Letters of credit were not “financial accommodations to or for
the benefit of the Debtor”
Finally, Appellant argues that the Bankruptcy Court erred in determining
that the letters of credit were not “financial accommodations to or for the benefit of
the debtor” because the Bankruptcy Court rejected Appellant’s reliance on In re
Swift Aire Lines, Inc., 30 B.R. 490, 496 (9th Cir. 1983). Again, as the Court has
determined that the letters of credit were clearly not executory contracts of the
Debtor, they are not within § 365(c)(2), and the Bankruptcy Court’s decision must
be affirmed. In order to be thorough, though, the Court will also address this issue.
The Bankruptcy Court cited to In re Thomas B. Hamilton Co., Inc., in which
the Eleventh Circuit, interpreting § 365(c)(2), explained that courts have been
consistent in defining “financial accommodation:”
Citing the legislative history quoted above and this passage from
Collier on Bankruptcy, these courts uniformly conclude that § 365(c)(2)
does not apply to all contracts that involve the extension of credit;
rather, it applies to “contracts to make loans and other traditional
kinds of debt financing arrangements.” Thus, courts define the term
“financial accommodations” narrowly, as “the extension of money or
credit to accommodate another.” Courts also distinguish between
contracts for which the extension of credit is the primary purpose, that
is, a primary contractual obligation, and contracts in which the
extension of credit is only incidental to or a part of a larger
arrangement involving the debtor; the former constitute contracts to
extend financial accommodations while the latter do not.

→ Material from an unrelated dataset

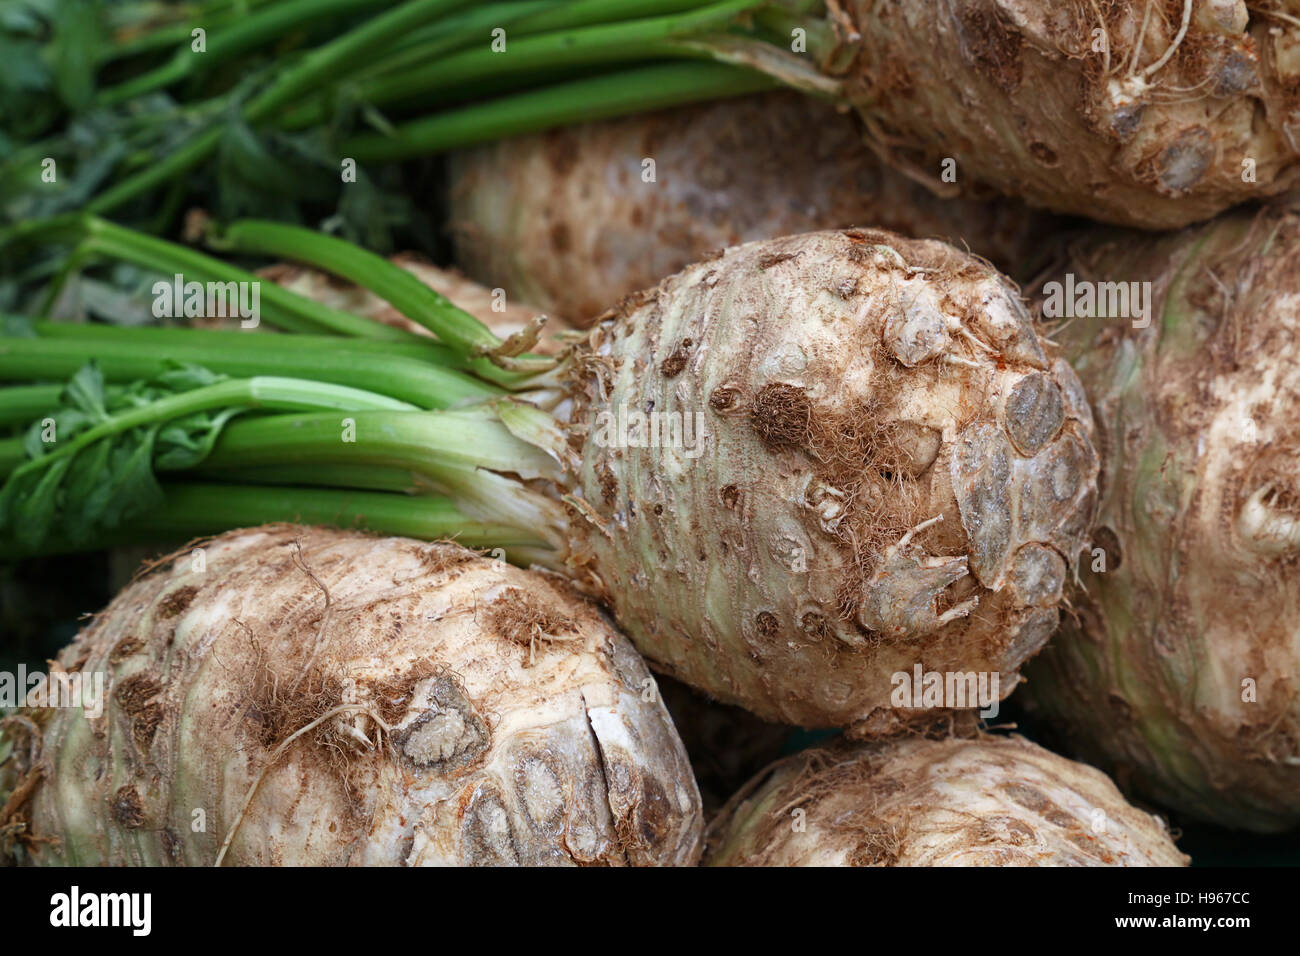 Knob turnip rooted celery with green stalk bunch on fresh food market stall, close up, low angle view, Stock Photo

969 F.2d 1013, 1018-19 (11th Cir. 1992) (citations omitted). The Seventh Circuit
indicated its approval of most of the Eleventh Circuit’s analysis in In re United
17
Airlines, Inc., 368 F.3d 720, 723-24 (7th Cir. 2004) (citing Thomas B. Hamilton, 969
F.2d at 1019-20). The United Airlines court held that the courts should look to
whether the purported “financial accommodation” is a material part of the overall
transaction between the parties, rather than attempting to discern the parties’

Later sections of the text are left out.